Evidence kitevidence-folder-template/05-backups-recovery/incident-runbook.md
The "what to do when something is on fire in production" document. Auditors and customer security reviews ask for it; the bigger value is that writing it forces the team to think through worst cases before they happen.
Evidence to keep here
- This runbook — kept current.
- Recent postmortems (if any) — sanitized for sharing externally if needed.
- On-call rotation — current schedule + escalation path.
Master runbook
# Incident Runbook
## Severity definitions
| Sev | Definition | Response time |
| ---- | ----------------------------------------------------------------- | ---------------------------------------- |
| SEV1 | Customer-facing service down, major data loss, or security breach | Page immediately; war room within 15 min |
| SEV2 | Significant degradation for many customers; potential data issue | Page on-call; war room within 1 hour |
| SEV3 | Limited customer impact OR internal-only issue | Ticket; address next business day |
## On-call rotation
- Current schedule: {{PagerDuty rotation link}}
- Primary on-call: see PagerDuty
- Secondary / escalation: see PagerDuty
- Engineering lead escalation: {{name}}
- Security escalation: {{name}}
## SEV1 response procedure
1. **Acknowledge the page** within 5 minutes.
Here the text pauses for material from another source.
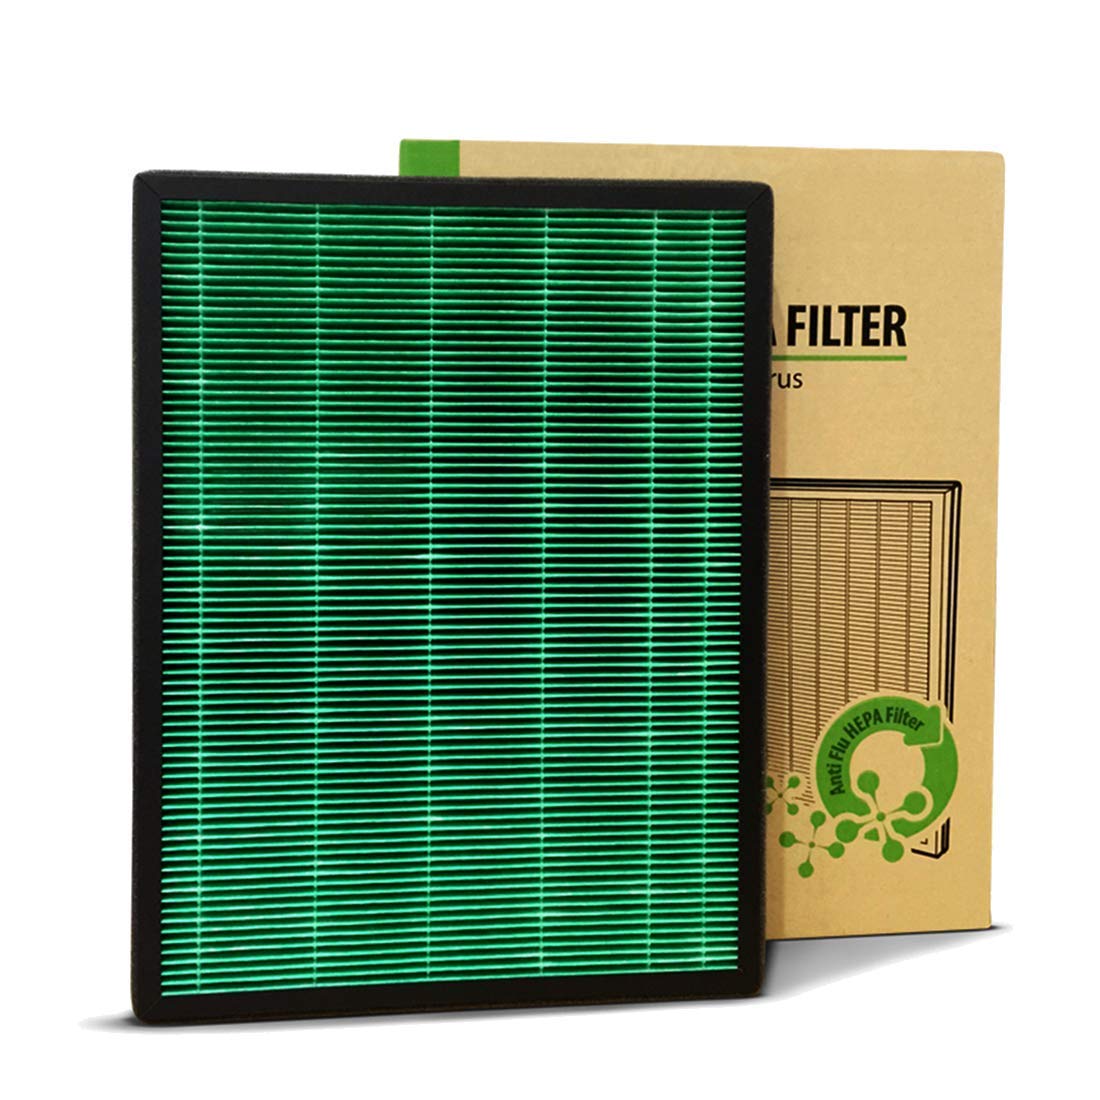 Coway Filter for Air Purifier, Longest Filter Life 8500 Hrs, Green True HEPA Filter, Traps 99.99% Virus & PM 0.1 Particles (HEPA Filter (AirMega 150 | AP-1019C))

2. **Declare an incident** — post in {{#incidents channel}} with one-line description + severity.
3. **Spin up a war room** — {{Slack huddle / Zoom / dedicated
incident channel}}. Bring in: on-call, eng lead, anyone with relevant context.
4. **Assign roles**:
- **Incident commander** — coordinates, decides
- **Operator** — drives the actual fix
- **Comms** — customer notifications, status page, internal updates
5. **Triage**:
- What's broken? (specific service / API / data store)
- Blast radius? (customer count, data category)
- Is data being lost or exposed? (security implication?)
6. **Stabilize first, root-cause later**:
- Roll back to last known good if possible
- Failover to standby region if applicable
- Enable read-only mode if write-side is corrupt
7. **Notify** customers via {{StatusPage / email / in-app}} per the threshold:
- SEV1: notify within 30 min
- SEV2: notify within 2 hours
8. **Resolve** and confirm: monitoring back to baseline; spot-check the affected flows
9. **Postmortem** — schedule within 5 business days; sanitize and file in this folder
## Special-case runbooks
### Production database corruption / data loss
1. Take application offline (read-only mode or 503 page)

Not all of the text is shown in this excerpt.